A graduate from Bath Spa University in Textiles for Fashion and Interiors, Odette combines a variety of disciplines including Jewellery and Lighting Design into her practice. Specialising in constructed materials, Odette combines traditional and contemporary techniques from drawing and collage to knitting, macramé and laser cutting. Recently exhibiting her work at the prestigious 44AD Gallery Space, Bath, England.
What best describes what you do, as technically as possible?
I would describe myself as a designer maker. I use a combination of traditional and contemporary techniques such as drawing/collage, knitting, macramé, crochet and laser cutting to create innovative and engaging textile pieces for fashion and interior environments. I am greatly inspired by a passion for making and craftsmanship.
How long have you been working on your craft?
I have had a compulsion to make and create since being a child. I was taught to knit at 8 years old and it’s a skill which has been present in my practice both professionally and recreationally since. In terms of my most recent work, I started utilising laser cut technology in my 3rd year at university. It was a great opportunity to compliment my hand craft with digital components and I want to keep pushing myself to continue experimenting.
If you could give a lecture to a top university class, what would it be on?

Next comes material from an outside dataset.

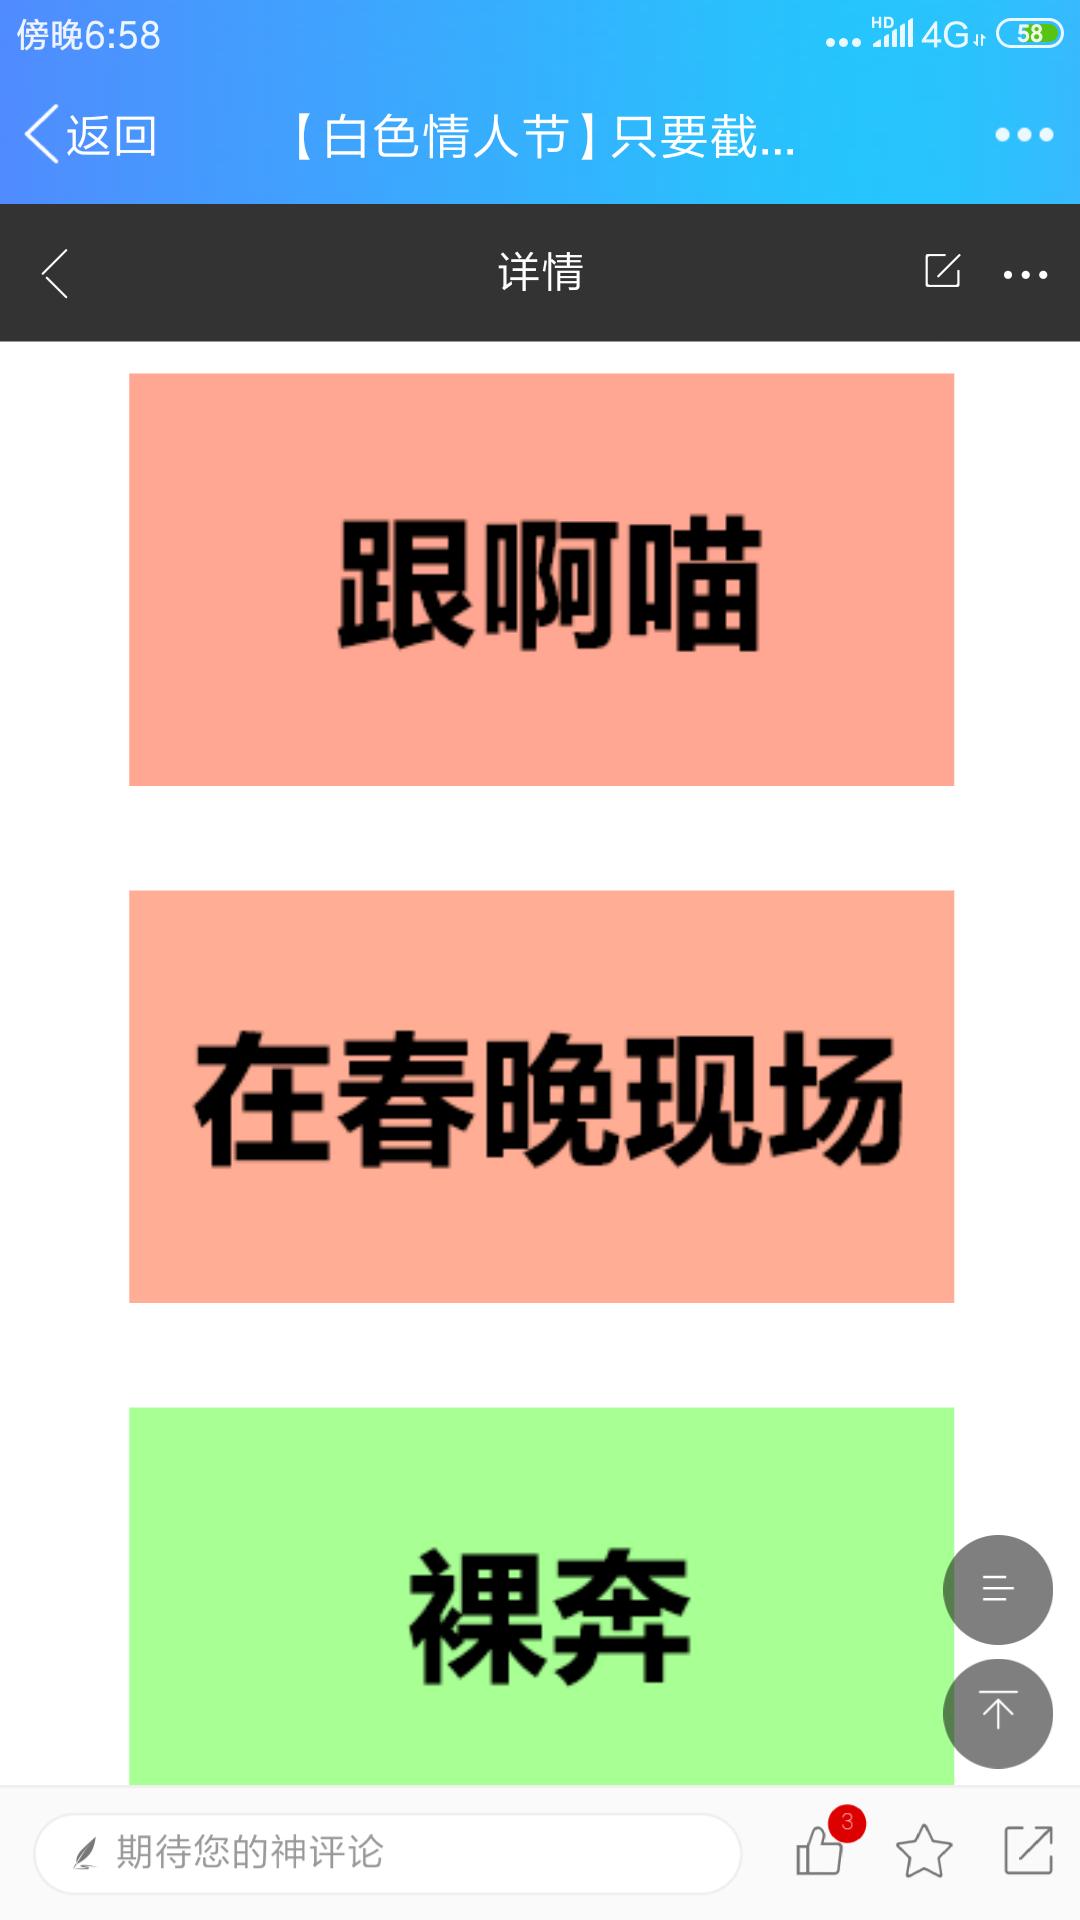 Screenshot_2019-03-13-18-58-24-172_com.tencent.mobileqq.png

I would love to give a lecture back at my university about my craft. As mentioned, I consider myself a designer maker, this is because I often do design through making. I’d like to encourage others that it is okay to design this way as we are often expected to draw and plan ideas before making them. I’ve always found this to be limiting as I can’t always conceptualise an idea to its full potential without trying to physically make it.
When you conceptualise your jewellery, who’s wearing it?
I’d like to think that my jewellery has a wide appeal for all ages. Due to the materials each piece is incredibly lightweight and suitable for everyday wear, because of the wearabilty it's easy to have a fun eye-catching addition to an outfit with minimal effort. At my most recent show I had some great feedback on the style and colour combinations which was fantastic to hear.
Your jewellery work is a synecdoche for your larger pieces, which one came first and how come?
The larger pieces came first and were a product of my degree show and subsequent design shows. I wanted to scale down the techniques into jewellery to show the versatility of my skills and techniques while making more affordable and marketable items.
Where are people going to find your work in ten years time?
Hopefully in their homes and jewellery boxes! I’d love to expand an interiors range after creating the lightshades last year. My website odettesmaldon.com will soon have a shop available to purchase the current jewellery range.
Are you accepting commissions now, and who is the dream client?
Absolutely! I would love the opportunity to create more large-scale pieces for specific places. A collaboration with Tom Dixon or Giles Miller would be a dream. I love their use of materials and the overall aesthetic.
What do you think splits design from fashion?
For the majority of my design education I always assumed I would design for fashion but in recent years this has migrated into more interest in interiors. I think the opportunity to translate design into a large array of products appeals to me presently. Fashion design can be fleeting in its lifespan but I strive for what I create to have a more lasting appeal.
Where were you in life when you started connecting the shapes?
I think I've always endeavoured to connect shapes in one form or another. I do consider myself to be a problem solver and when it comes to design it’s a very valuable skill. For example, I initially had no idea how I was going assemble the lightshades until I had the components in my hands and started piece it all together.
What’s the strangest response you got from your most recent show?
I actually had some really kind and inspiring feedback from the show. It has encouraged me to get out there again and attend design fairs this year. I think it is really important to be present at these types of shows so potential clients can really engage with the designer.
The work is super marketable, how much of it is intentionally so?
I have certainly become more aware of the marketability of my work since graduating, hence the transition to jewellery and lighting design. It is much easier for people outside of the design world to understand what I do compared to showing textile samples, where I would often get asked ‘but what is it?’. Being able to highlight the potential of my techniques has proven to be very beneficial in discussing my work.
What is it about plastic that makes it the weapon of choice in your work?
The versatile qualities of acrylic/Perspex excite me when designing, the array of colours and finishes keeps me inspired. I particularly enjoy working with the transparent colours, especially with the lighting pieces as they refract the light really beautifully. I would also like to advocate for plastic being considered a precious material. We are all aware of the issues surrounding single use plastic and its physical longevity. I aim to make long lasting and loved pieces that want to be coveted. Additionally, I try to minimise waste by using the most of each acrylic sheet I laser cut.
Kevin McCloud calls you tonight. Where in the house is your work?
Well I am usually wearing something! Each room of my home tends to feature something I have made. Currently one of the orange lightshades is in the hallway and makes me happy every time I see it.